Most application traffic is variable, and so are the generated logs. Applications that don't generate high traffic may not generate enough logs to test and diagnose issues. Synthetic logging uses automation to emulate user behavior and generate logs for the application's monitoring systems.

Using an automation tool like Selenium, developers can create a test suite of user interactions. Microservices and API-first services can use Apache JMeter to test the functional behavior of a service and understand performance.

For testing and development, Postman can test APIs locally and integrate with the CI/CD pipeline to automate API testing.

Synthetic transactions can simulate user behavior in your application or augment established traffic patterns. Tests can run scheduled or ad hoc.

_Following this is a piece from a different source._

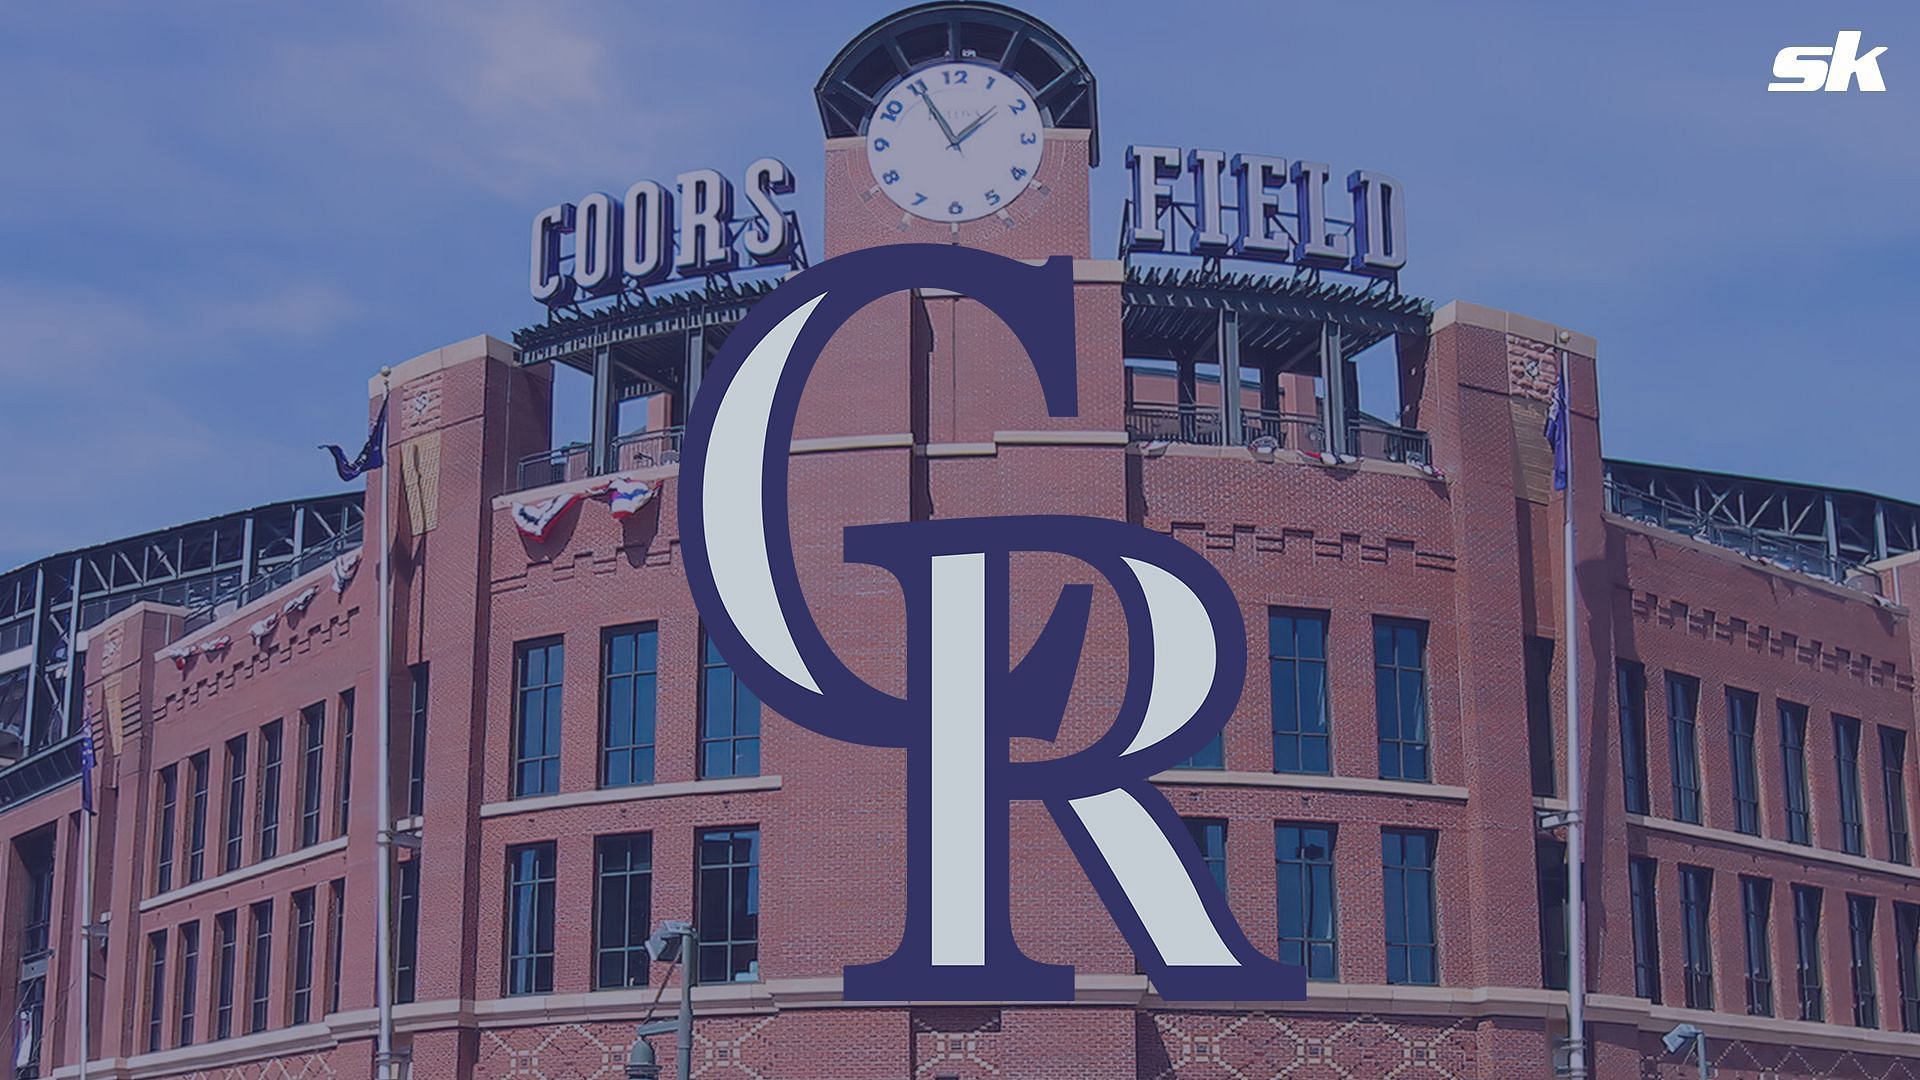 Coors Field in Denver, Colorado represents one of the more unique playing spaces in MLB
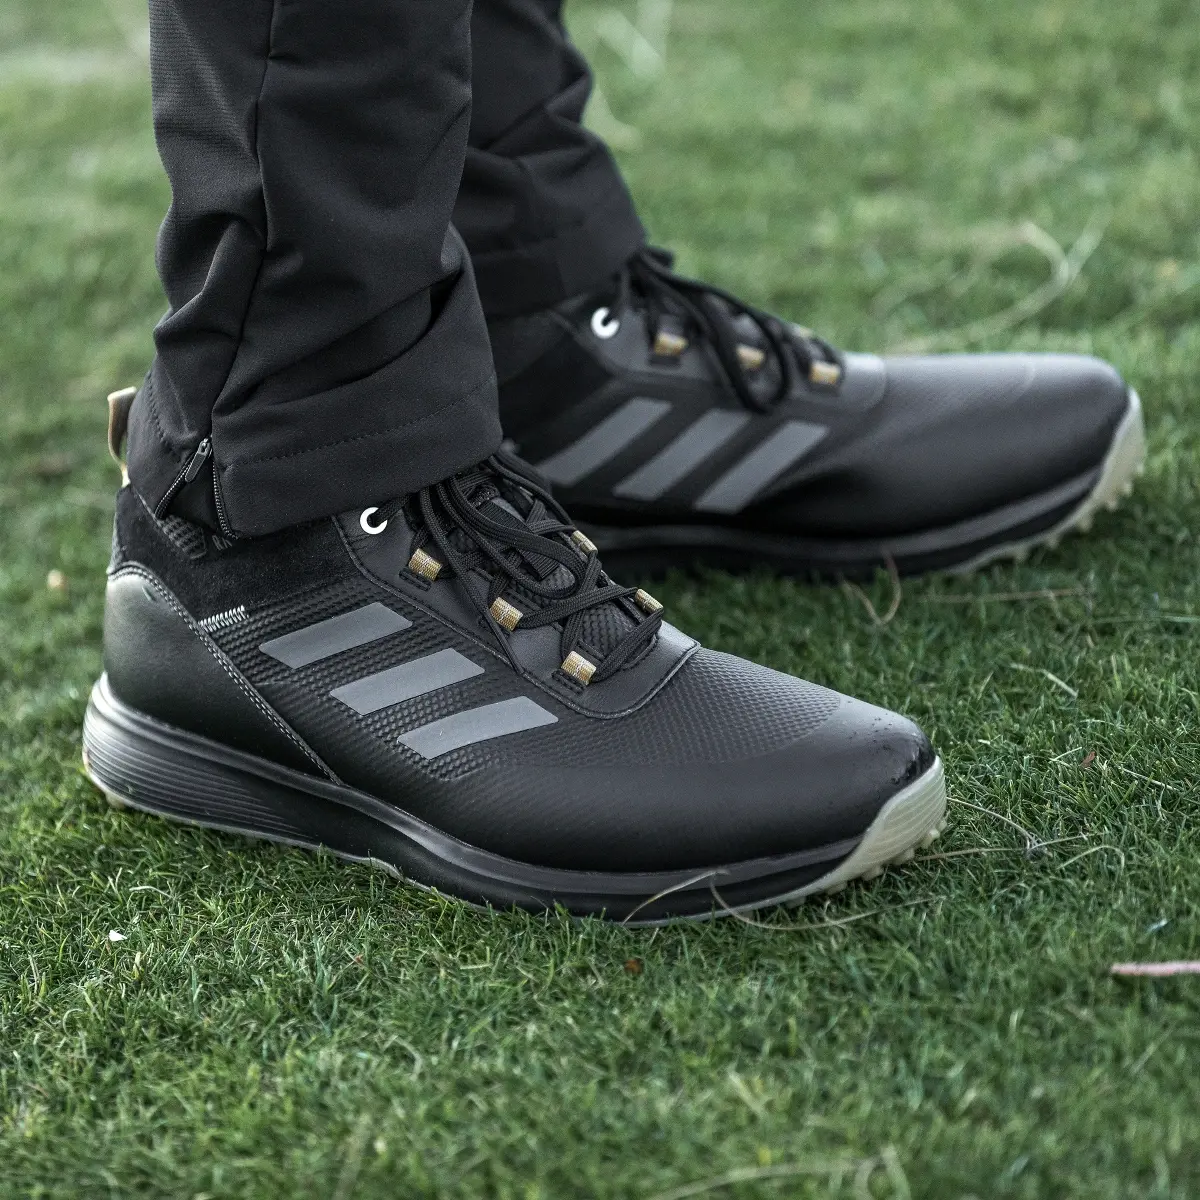 Adidas S2G Recycled Polyester Mid-Cut Golf Shoes. 3

Synthetic logging is a valuable tool for identifying problems and analyzing telemetry data. Synthetic logging helps development and operations teams ascertain that critical application processes are behaving as expected, and can also ensure that apps meet the non-functional requirements of availability, performance, response time, and resiliency.

Structured logging

A key aspect of logging is the structure of the log itself. Log data is essentially unstructured, so it can be hard to query for specific events, implement automated alerting, or correlate related events.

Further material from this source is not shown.